The "eccentricity" of the ellipse is the amount by which it deviates from the circle. The eccentricities of the planets are small, owing to the common origin of the solar system which makes their tangential velocities almost precisely balance gravity.
But all this was as yet merely conjecture; and the days of purely speculative hypotheses were past. It was wild conjecture to postulate that the moon was constantly "falling" towards the earth, like a projectile, or like the famous apple in the garden at Woolsthorpe – in other words, that the earth's attraction reached as far as the moon, the sun's attraction as far as the planets, and that interstellar space was indeed "filled" or "charged" with gravity. To transform a wild guess into scientific theory, Newton had to provide rigorous mathematical proof.
This means, he had to calculate: (a) the centrifugal force of the moon; 4 (b) the gravitational force which the earth was supposed to exert on the moon; and (c) he had to show that the interaction of these two forces produced a theoretical orbit which agreed with the moon's observed orbit.
In order to carry out this operation, he must first of all know at what rate the earth's gravity diminished with distance.
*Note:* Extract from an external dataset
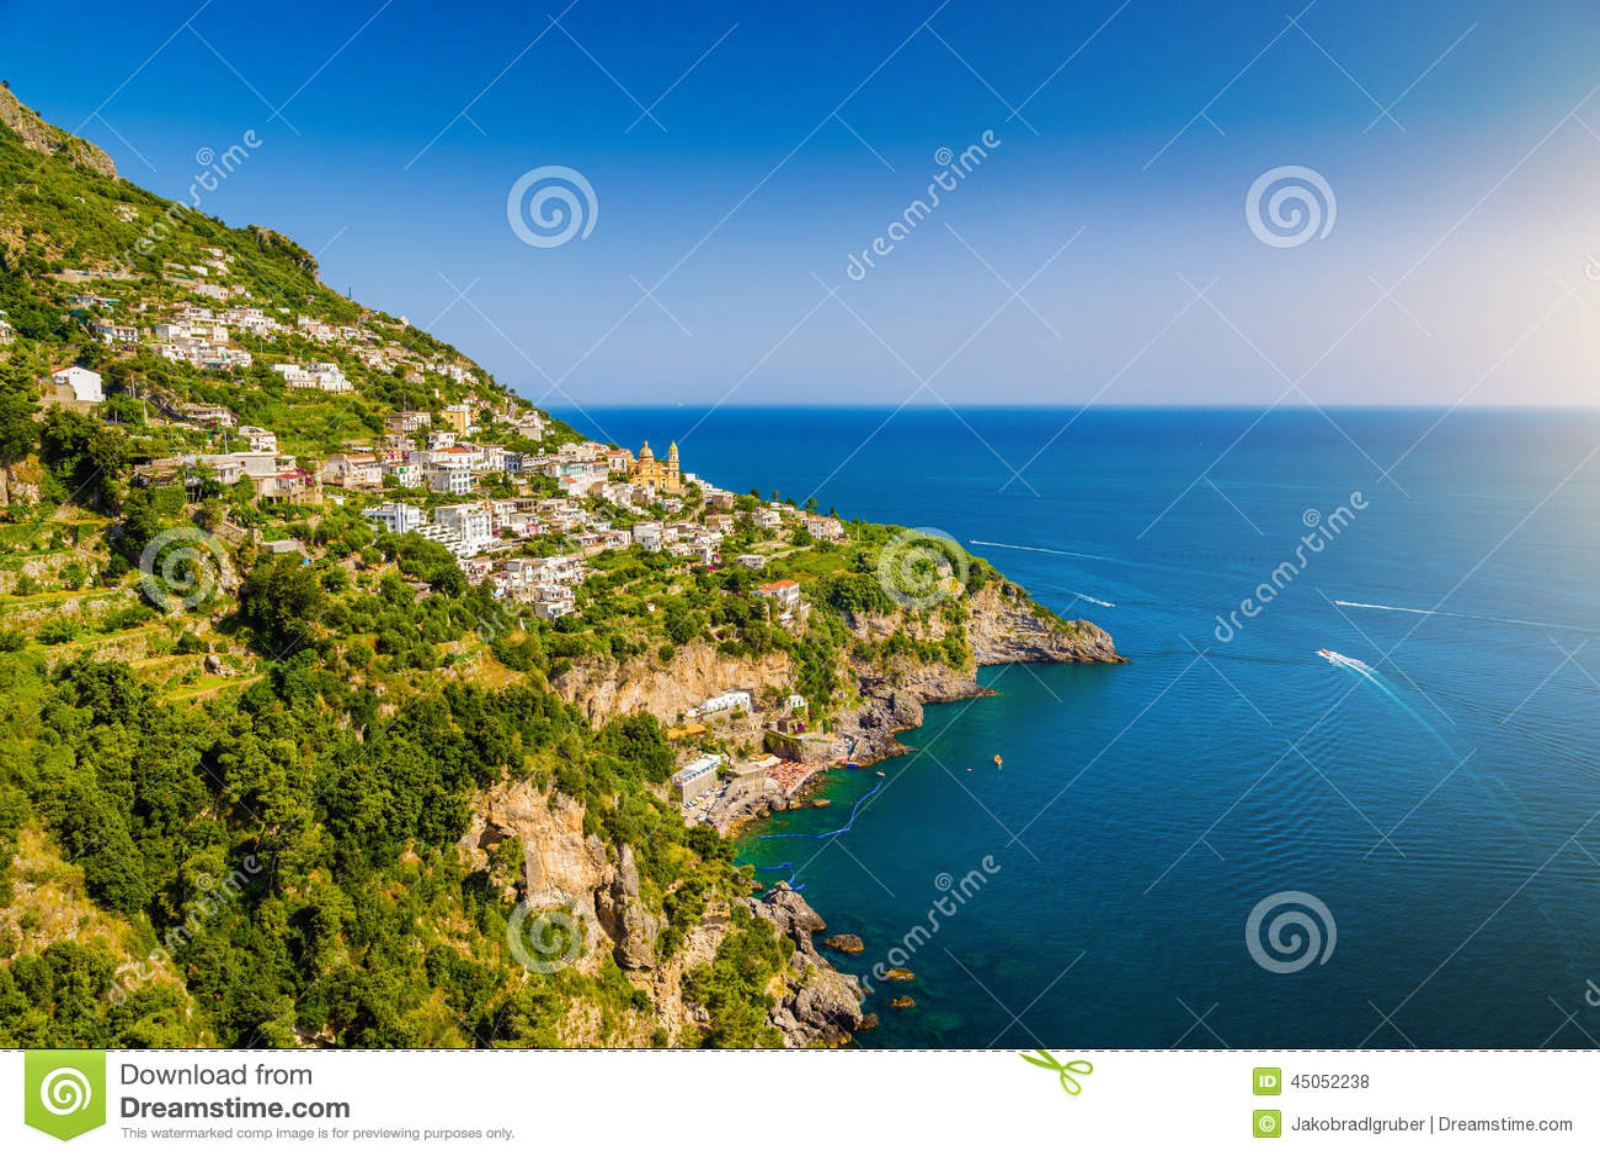 Amalfi Coast with Gulf of Salerno in beautiful evening light, Campania, Italy
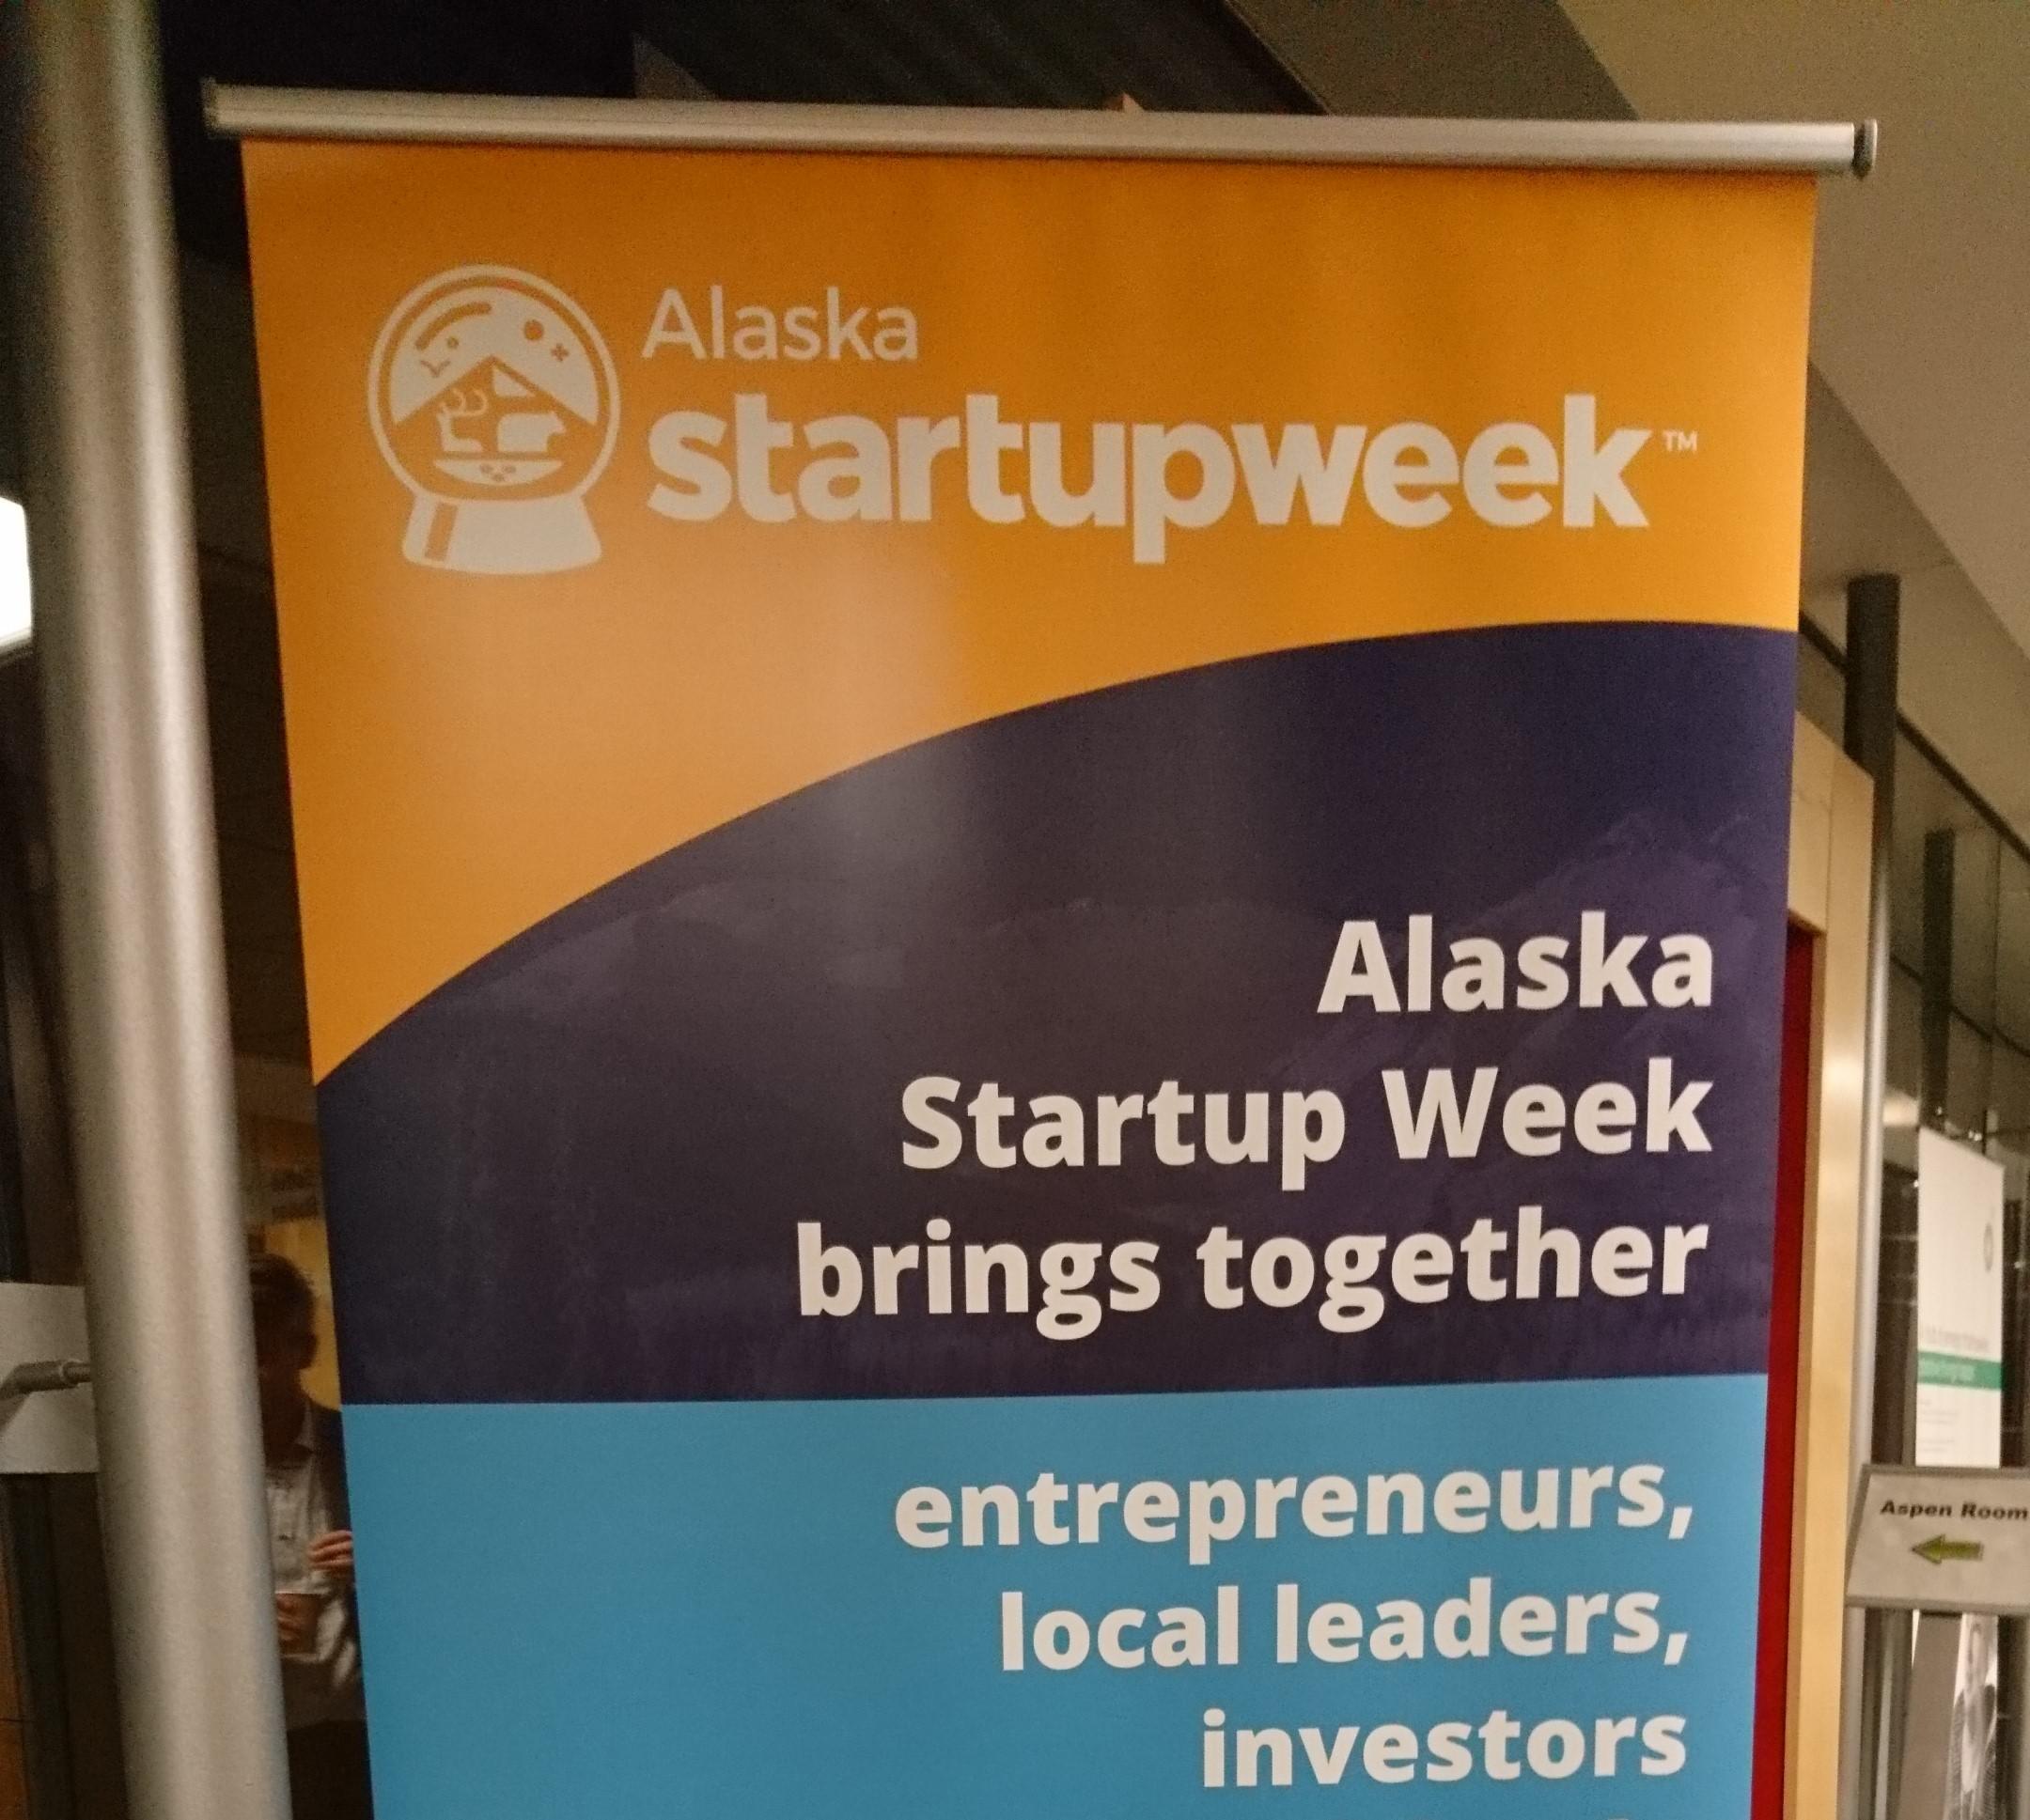 ARCT presents at Alaska Startupweek

The apple fell from the tree at a known acceleration of approximately ten yards added speed per second; but what would be the acceleration of the distant moon towards the earth? In other words, he had to discover the Law of Gravity – that the force diminishes with the square of distance. In the second place, he had to know the exact value of the moon's distance. Thirdly, he had to decide whether it was legitimate to treat two huge globes like the earth and the moon in an abstract manner, as if their whole mass were concentrated in a single central point. Lastly, to reduce the mathematical difficulties, the moon's orbit had to be treated as if it were a circle instead of an ellipse.
As a result of all these difficulties, Newton's first calculations only agreed "pretty nearly" with the facts; and that was not good enough. For nearly twenty years he dropped the whole issue.
During these twenty years, Jean Picard's expedition to Cayenne produced much improved data on the earth's diameter and its distance from the moon; Newton himself developed his own brand of infinitesimal calculus, the indispensable mathematical tool for attacking the problem; and the Halley-Hooke-Wren trio kept fitting together further bits of the puzzle. The orchestra had now reached the stage where whole groups of instruments could be discerned running through certain passages; only the rap of the conductor's baton was needed to make everything fall into place.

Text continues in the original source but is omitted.